PS3 Review – Metal Gear Solid HD Collection
The Metal Gear series has come a long ways since its first introduction by Hideo Kojima. Kojima-san’s efforts have created an entire alternate world where his reality blends in almost perfectly with the reality of the history books. The series spans several generations of console and PC gaming, but, thanks to Konami, we can now play three titles from the storied series on this generation of consoles.
The Metal Gear Solid HD Collection takes three games in the series, previously released on older consoles, and brings them to the PS3 and Xbox 360. Remastered audio and video brings the older titles to life in a way that makes them almost brand new. Two MSX titles are also included, but they haven’t been touched up in any way.
The games in the series weren’t originally released in chronological order so the developers were nice enough to lay out the main menu of the collection by year. MGS 3: Snake Eater takes place in 1964 and comes first in the series. MGS: Peace Walker is next and occurs in the 1970’s. The final game on the disc is MGS 2: Sons of Liberty which follows up the original Metal Gear Solid (not included, but available on the PlayStation Network).

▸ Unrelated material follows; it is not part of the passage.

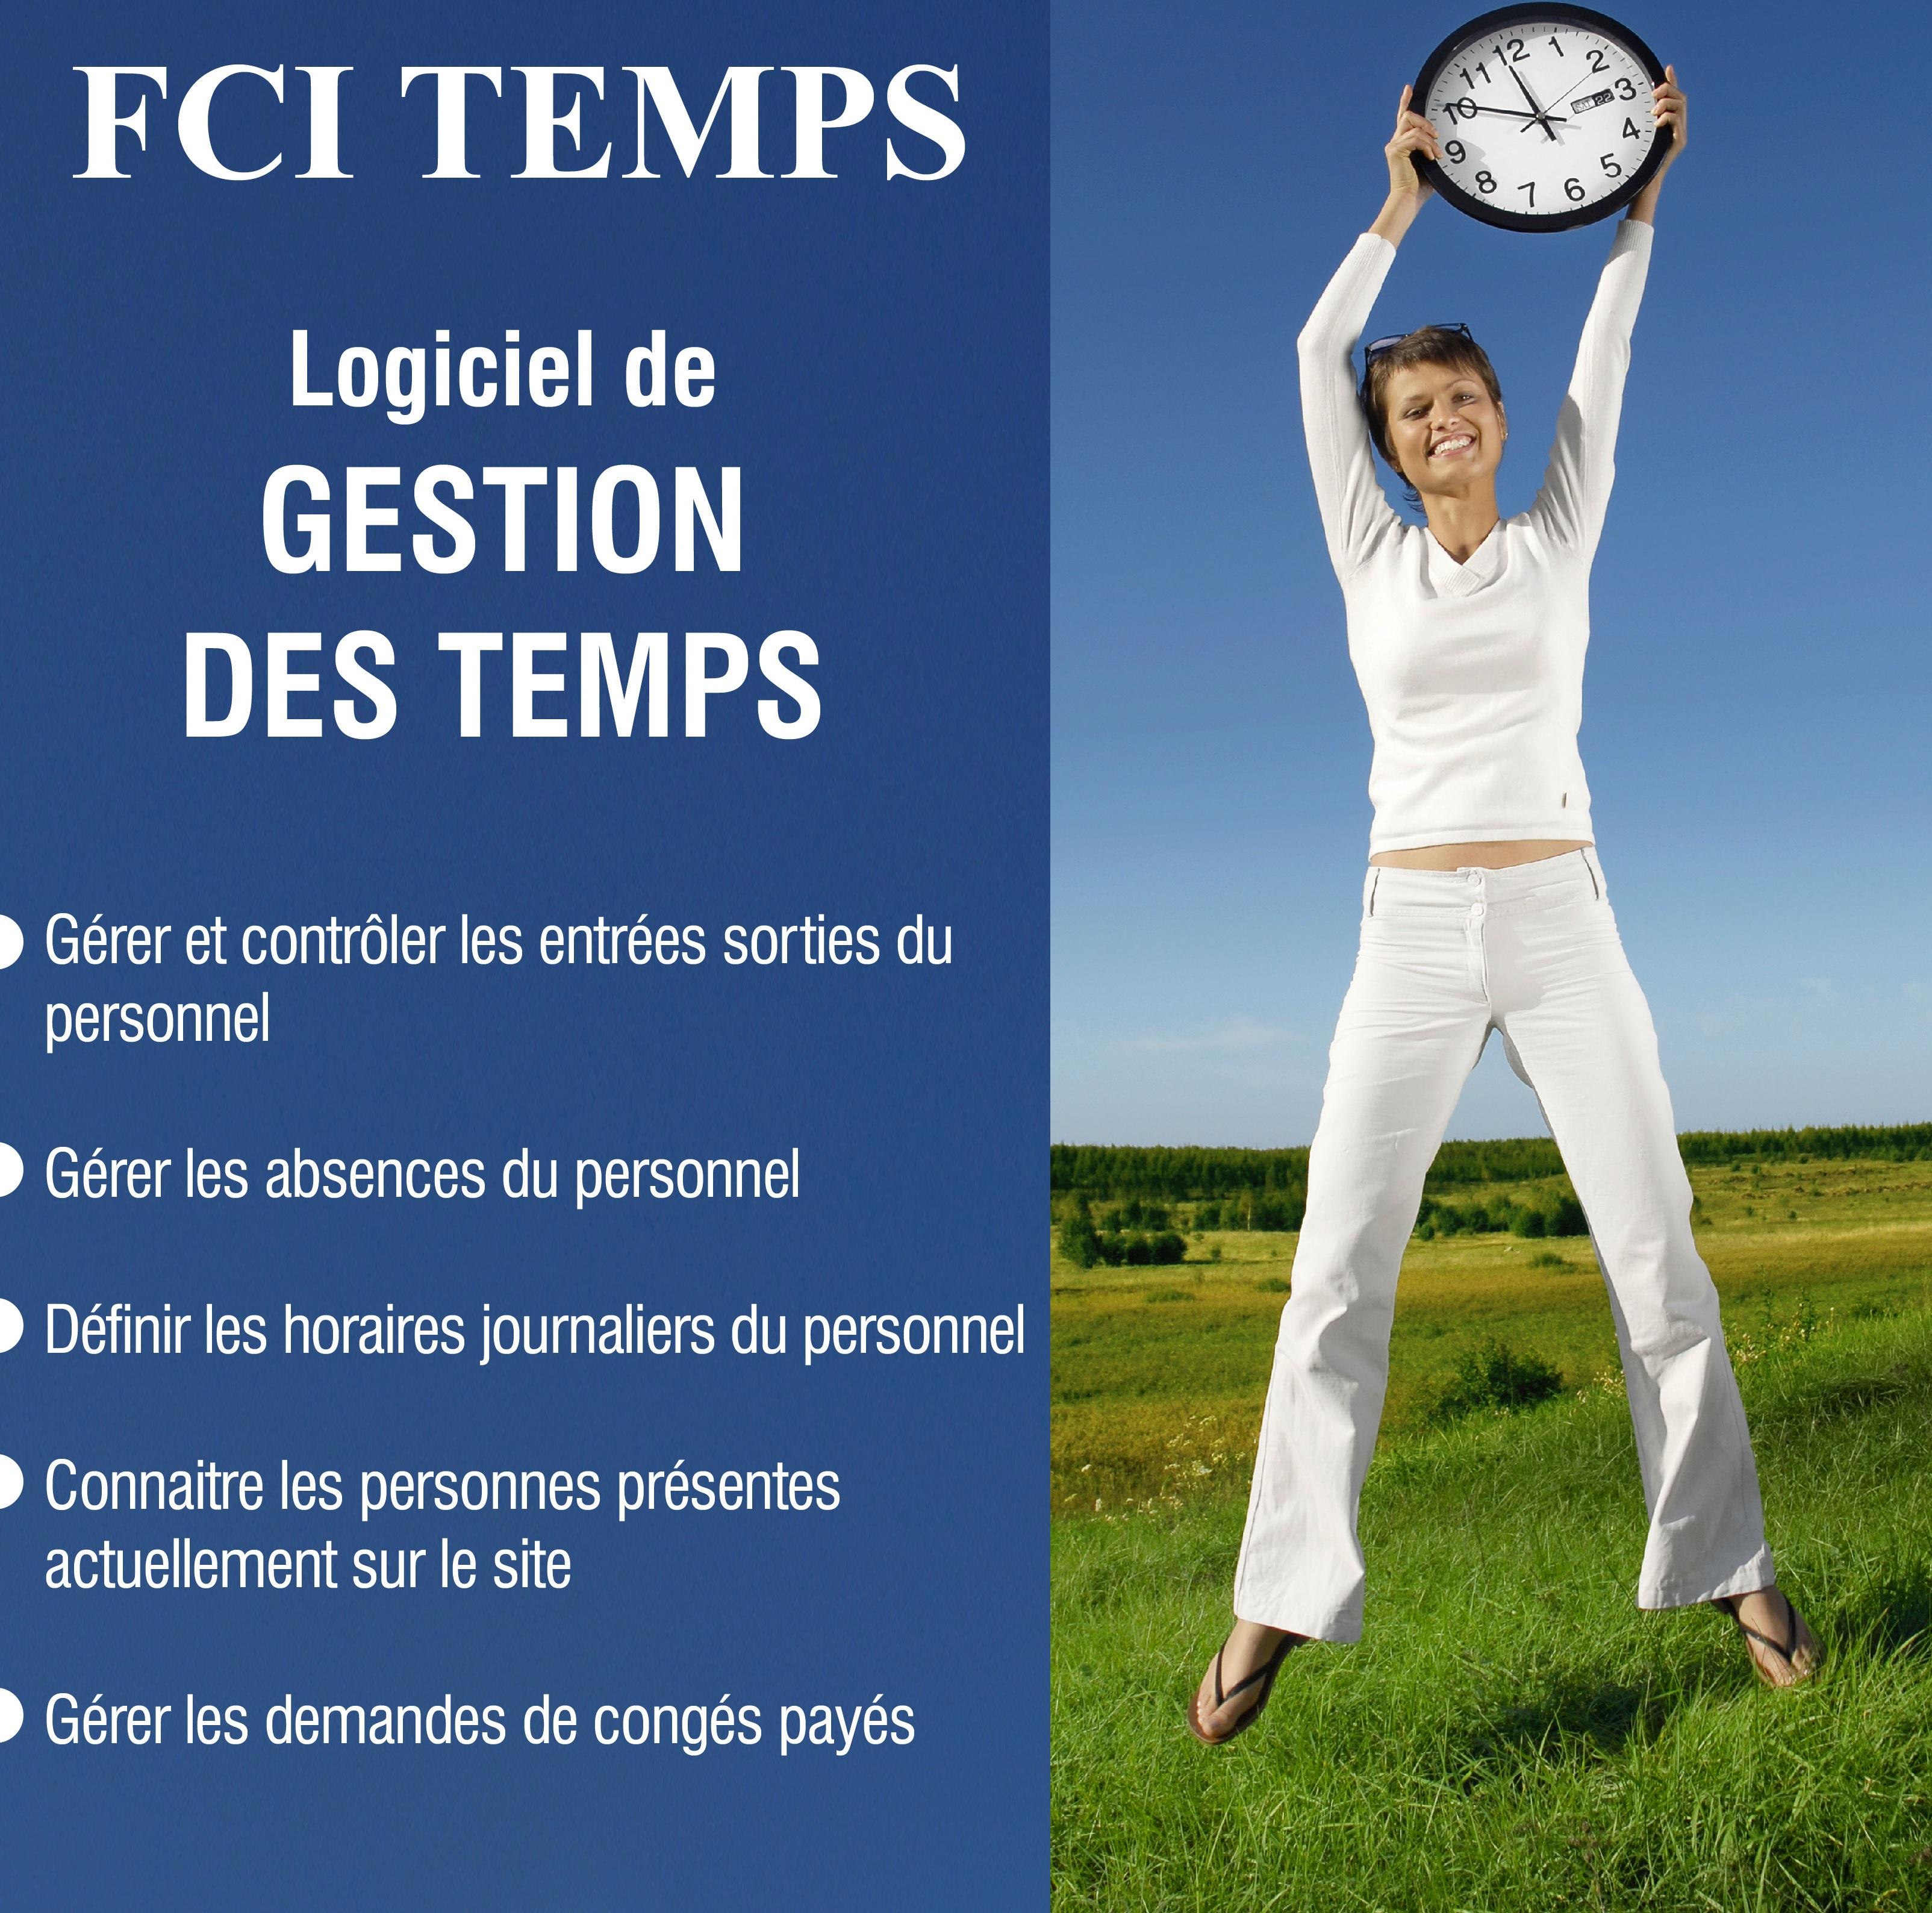 FCI Temps - logiciel de gestion des temps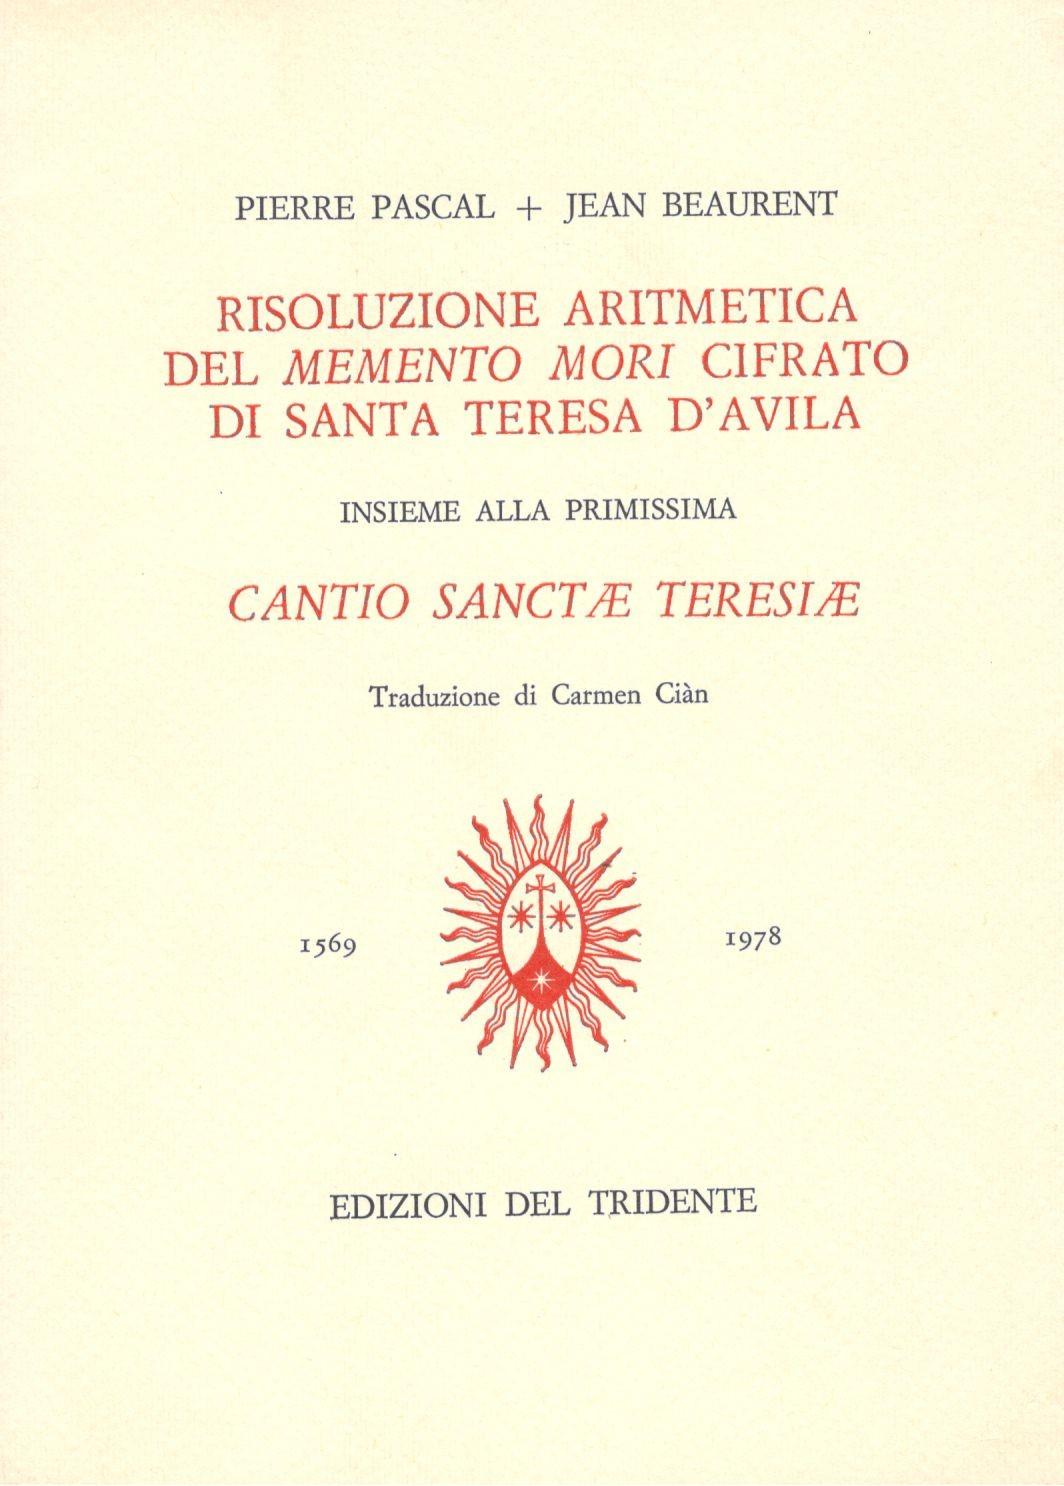 Risoluzione Aritmetica del Memento Mori cifrato di Santa Teresa D'Avila

MGS 3 and MGS 2 made the transition from older console graphics to HD very nicely. The graphics come across very smooth, with no jagged edges. Character animations look smooth and the sneaking motions, while a little stiff at times, look decent. The remastered audio sounds great. If you are playing in surround sound, the audio is directional and can be used properly to assist in sneaking. If a guy sounds like he’s on your six, then he probably is. Cutscenes are a little rough and aren’t easy on the eyes, but that is to be expected. Controls stick to the original layout for each game.
MGS: Peace Walker was originally released on the PSP and looks the best out of the three games in this collection. The game itself can give you countless hours of playtime and is arguably one of the best PSP games ever released. The HD graphics are smooth, with no jagged edges to be found. The audio sounds great and can be used for sneaking around as with the other two titles. Cutscenes look better than they did with MGS 3, but that’s not saying too much. The best part about Peace Walker being on the PS3 in via this collection is the fact the game isn’t hindered by the PSP’s controls scheme and tiny screen. This is the true Metal Gear Solid game we’ve always wanted Peace Walker to be.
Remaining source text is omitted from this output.